Demandant la démission du 1er Vice-président de l'Assemblée nationale : Jean Jacques Mamba frappé par une dépression ?


21 Apr

C'est une question que d'aucuns se posent depuis que ce Député élu de Kinshasa sur la liste du Mouvement de Libération du Congo, MLC confirme le rôle joué par ce parti depuis l'Hôtel de Cascades où le MLC sert du lit où se repose la Kabilie toutes les fois qu'elle est en difficultés. Après Olivier Kamitatu, Thambwe Mwamba, Yves Kisombe, François Mwamba, Germain Kambinga, Thomas Luhaka, ...c'est le tour de Jean Jacques Mamba de se laisser instrumentaliser par la Kabilie pour déstabiliser le pouvoir de Félix-Antoine Tshisekedi Tshilombo. Sans mandat et en toute ignorance, et de la Constitution, et du Règlement intérieur de l'Assemblée nationale, Mamba a démontré son immaturité dans la maîtrise de la profession parlementaire en demandant les comptes à l'Institution Président de la République, qui est irresponsable devant le Parlement. Une immaturité qui a accusé l'auteur de cette interpellation d'un homme aussi facilement manipulable lorsque l'on sait qu'un député ne peut interpeller les services de la Présidence. Peut-être, il l'a fait pour des raisons du buzz ou d'un populisme éhonteux. 


Si les Yves Kisombe et autres avaient réussi à jouer ce rôle, c'est parce qu'ils y avaient mis un peu d'intelligence et de tact politique. Mais Jean Jacques Mamba s'y prend avec beaucoup de légèreté assimilable à l'idiotie et à des hérésies d'un mercenaire pour réaliser une mission suicide.


Parce qu'il ne recourt ni à la Constitution, ni au Règlement intérieur de l'Assemblée nationale. Son unique soubassement, étant les émotions sous la dictée de ceux qui le manipulent contre le régime de Félix-Antoine Tshisekedi Tshilombo. 

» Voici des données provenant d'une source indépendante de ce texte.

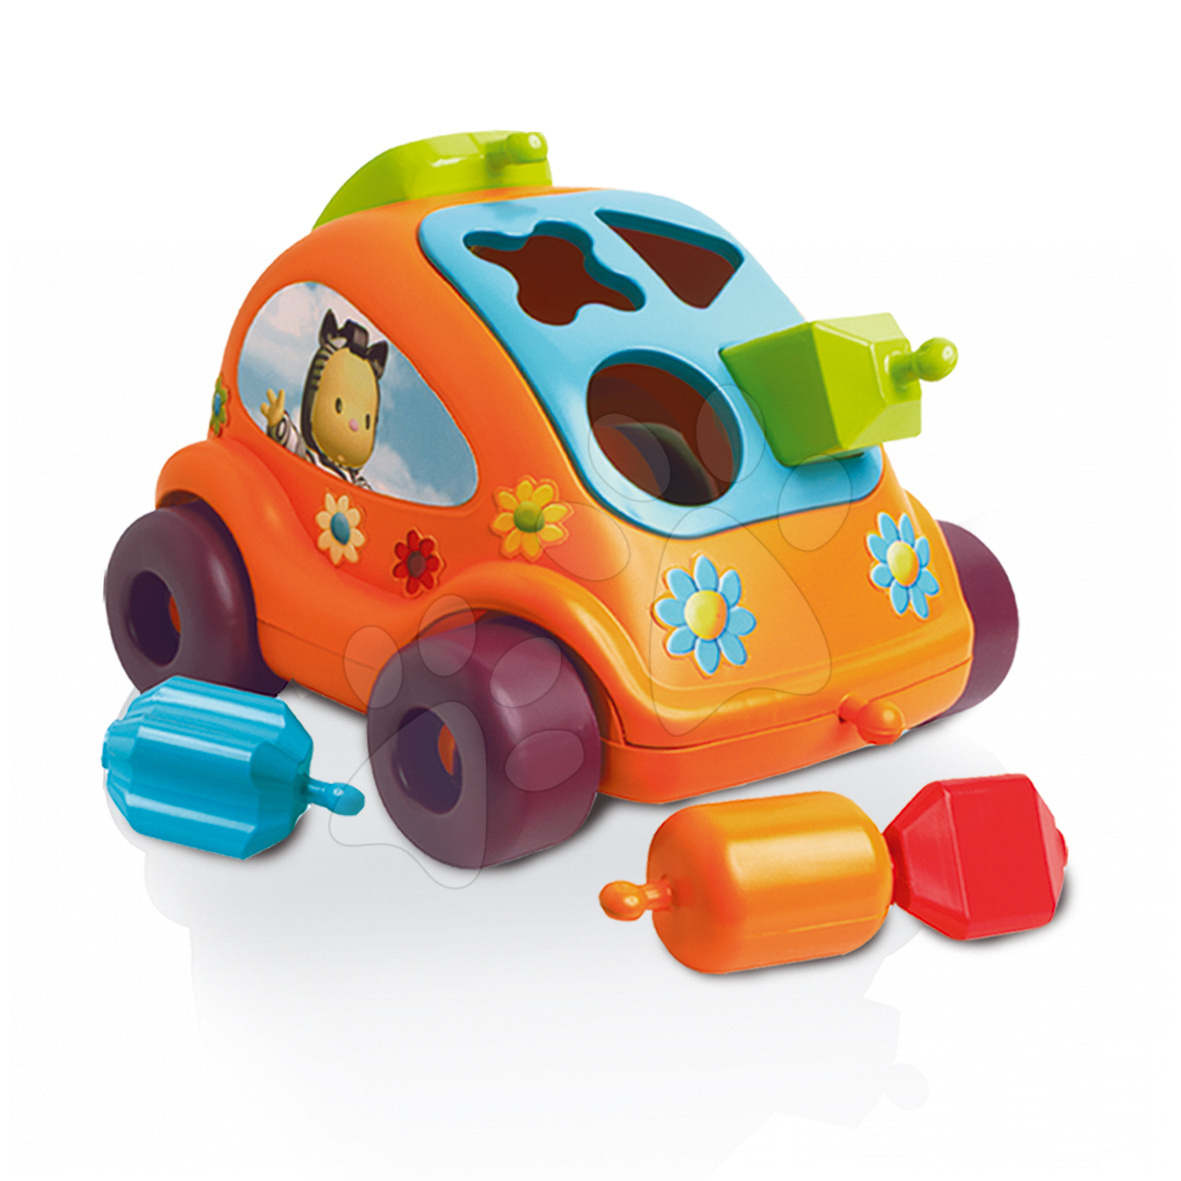 Vývoj motoriky - Vkládací autíčko Cotoons brouček Smoby s kostkami oranžové od 12 měsíců

Là, Mamba vient commettre la plus grave gaffe de sa vie politique. Il dénie la liberté d'expression à un Député National, son collègue comme lui dans un média privé. Il lui demande des comptes alors que ce n'est pas lui qui gère la caisse, ni de l'Assemblée nationale, ni celle du Sénat.

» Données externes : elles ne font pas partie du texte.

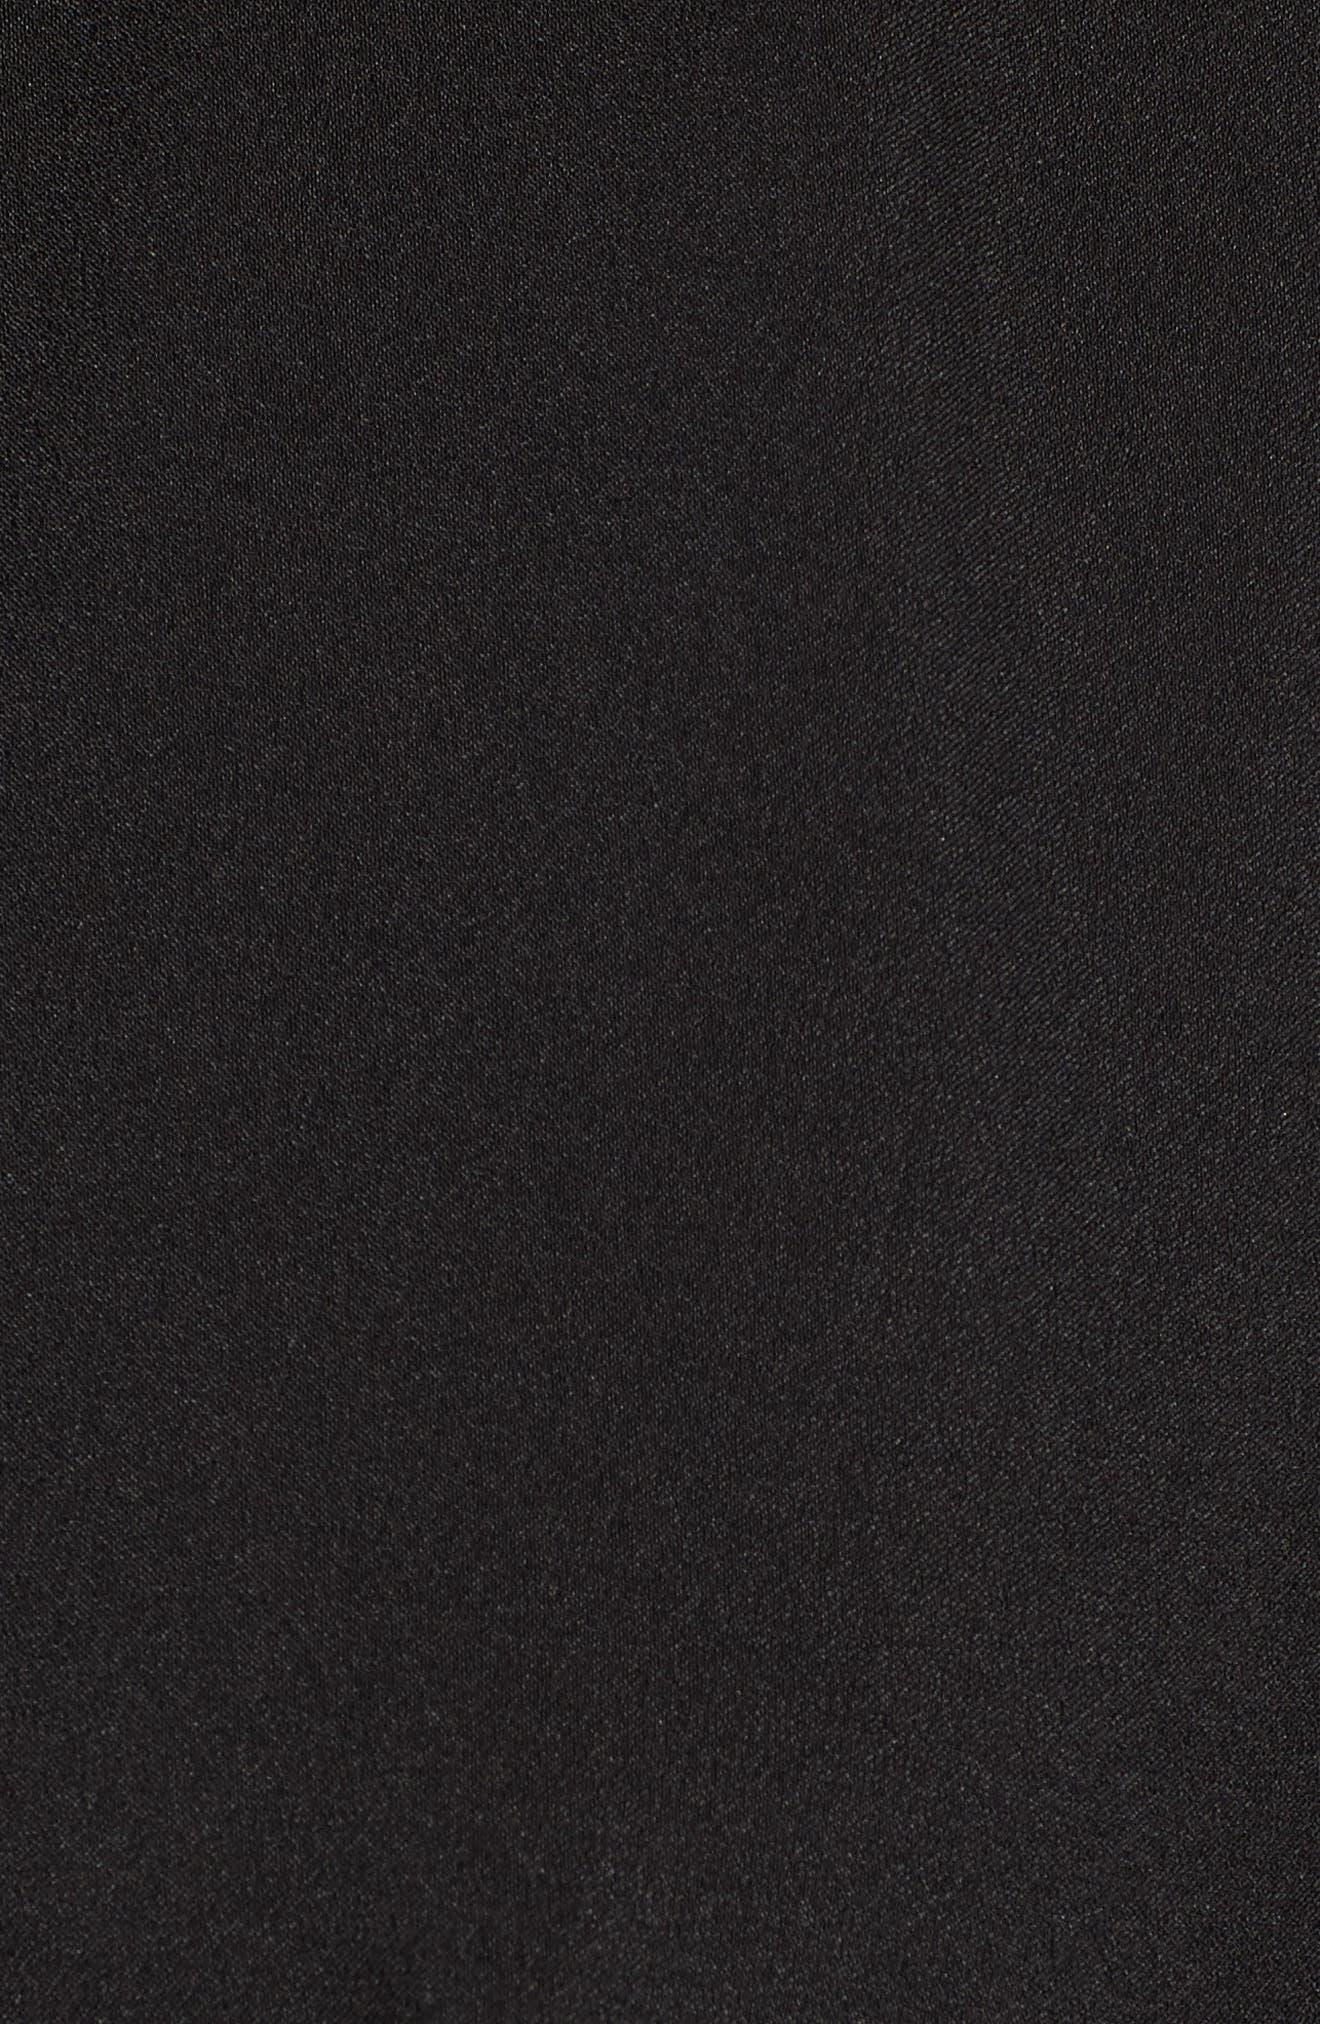 Tie Front Dress,                             Alternate thumbnail 6, color,                             Black

La fonction du Député s'apparente beaucoup plus au ''parler''. Ce qu'exercent Léon Nembalemba, Eliezer Ntambwe, Daniel Safu,... jusqu'à outrager même la personne du Chef de l'Etat. Même le Président du Sénat, au service de qui Mamba s'est placé, a usé de la même liberté d'expression jusqu'à offenser le Président de la République, sans que Mamba n'use de sa plume truffée de beaucoup de coquilles pour leur demander la démission de l'un comme se l'autre. 


 Se laissant manipuler, Jean Jacques Mamba ne sait même pas que l'honorable Jeannine Mabunda gère seule les fonds de l'Assemble Nationale. Elle a déjà retiré d'une manière rusée la signature de Mme le questeur pour les transactions du compte bancaire de l'Assemblée nationale. Dans une correspondance adressée au banquier, feignant d'avoir réservé copie à ses collègues, Mme Mabunda a déjà indiqué: ''seule sa signature est valable pour toute manipulation du compte de l'Assemblée nationale''. Comment alors demander les comptes à l'honorable Jean-Marc Kabund pour avoir glané les informations sur le coût du Congrès, qu'il s'est permis de donner sur Top Congo? Se demande un expert bancaire qui ne comprend pas le niveau irrévérencieux, irrespectueux et immoral de Jean Jacques Mamba qui s'y prend très mal dans le nouveau rôle lui assigné par le Front Commun pour le Congo. 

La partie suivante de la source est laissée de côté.